## DATA SECTION
-------------------------

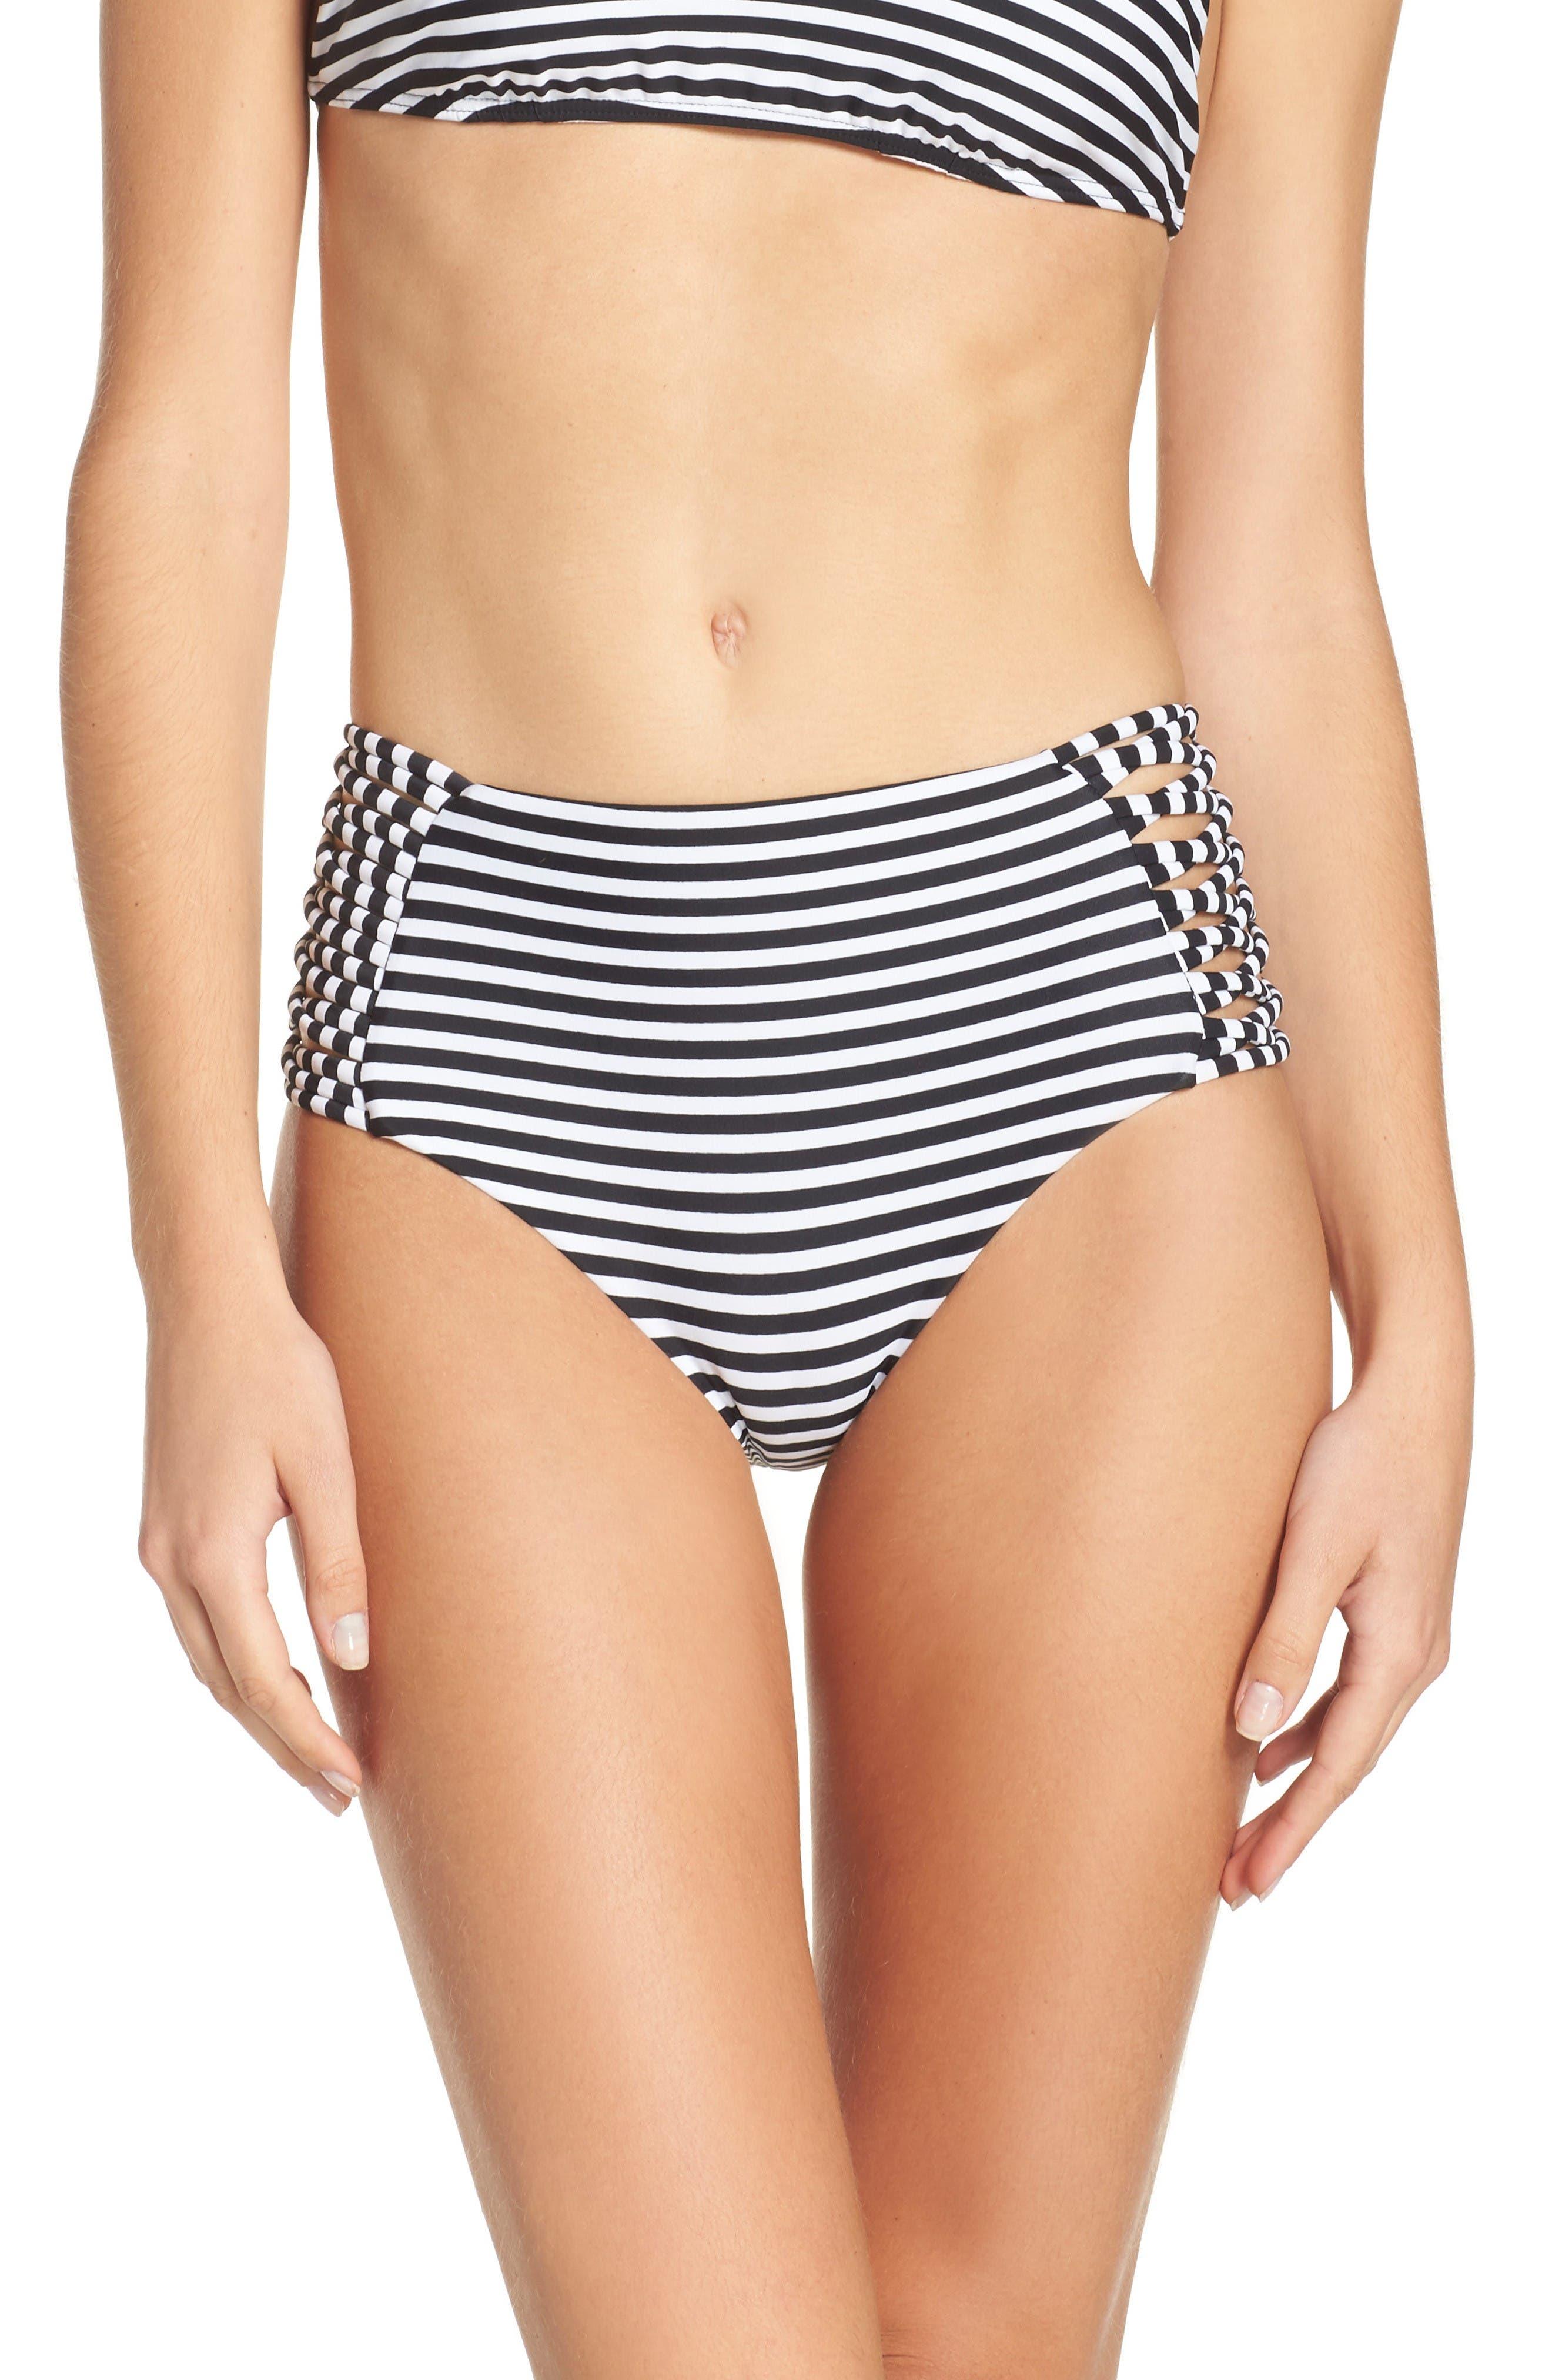 Alternate Image 1 Selected - Byrds of Paradise Morrissey High Waist Bikini Bottoms
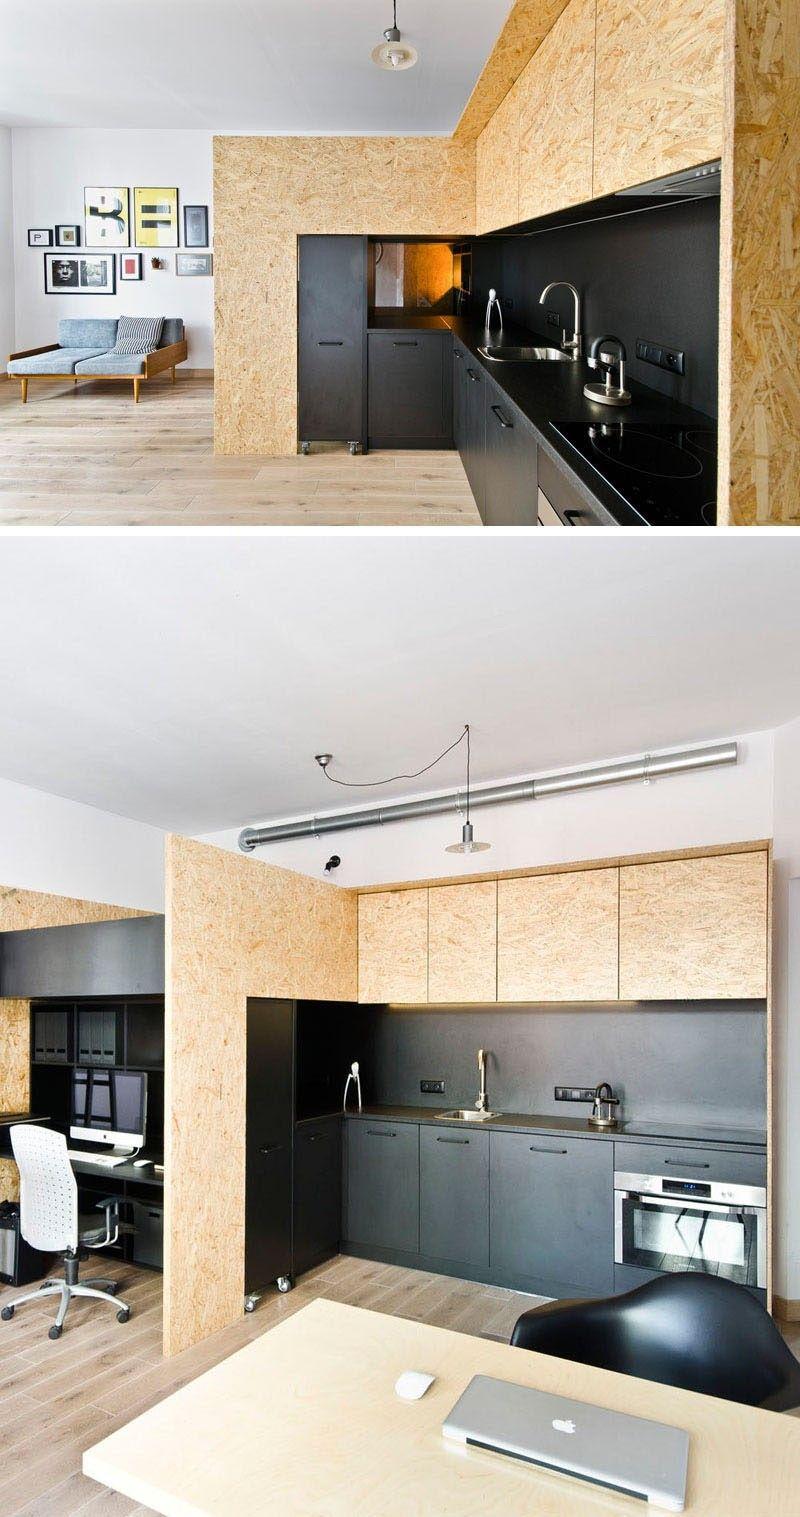 Großzügig Kleine Raum Küche Ideen Ideen - Küchen Design Ideen ...
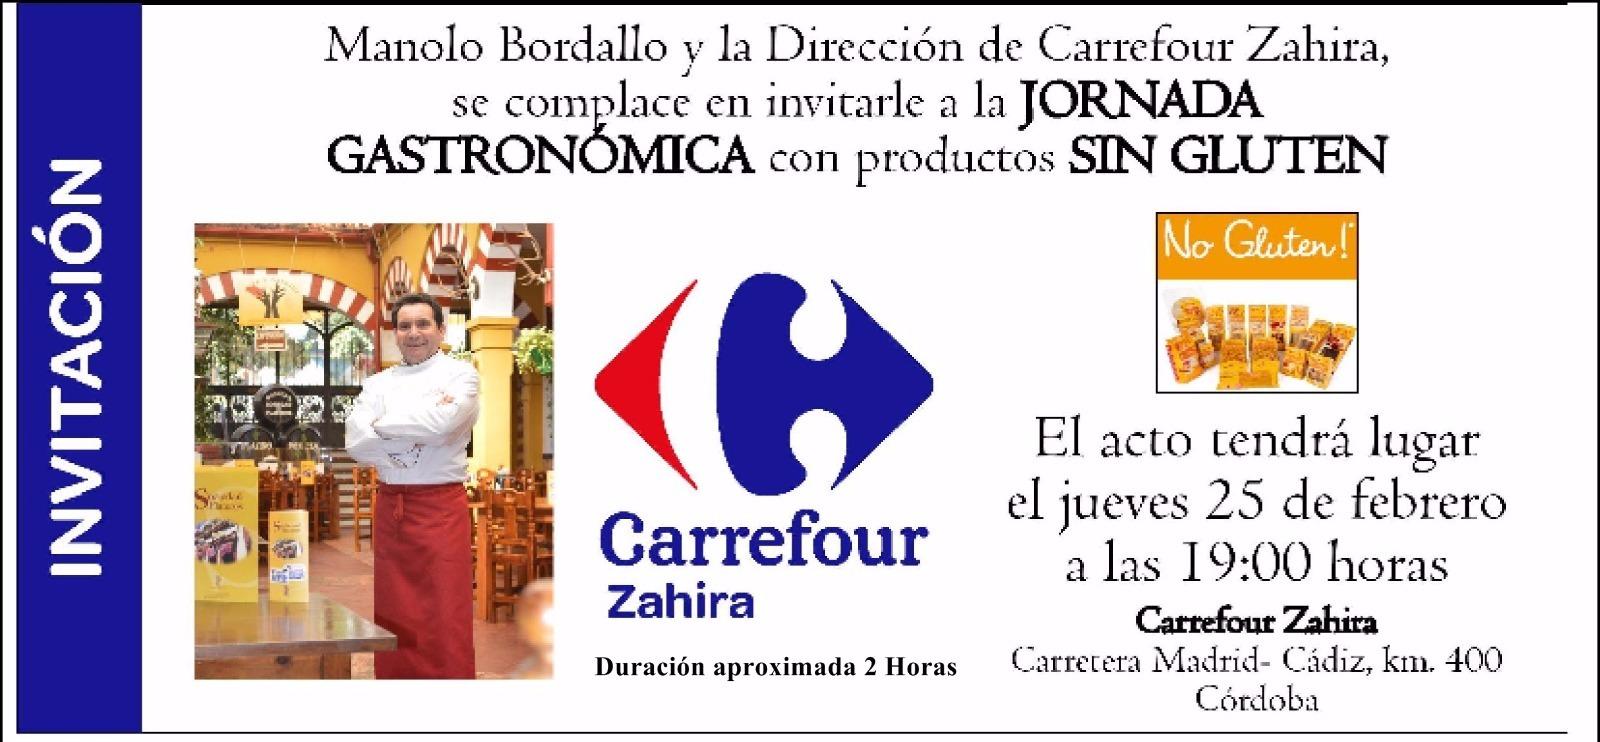 Invitacion Manolo Bordallo en la Jornada Gastronomica sin Gluten de Carrefour Zahira

-------------------------

Write out the data again word for word, minus any images.

 Alternate Image 1 Selected - Byrds of Paradise Morrissey High Waist Bikini Bottoms
 Großzügig Kleine Raum Küche Ideen Ideen - Küchen Design Ideen ...
 Invitacion Manolo Bordallo en la Jornada Gastronomica sin Gluten de Carrefour Zahira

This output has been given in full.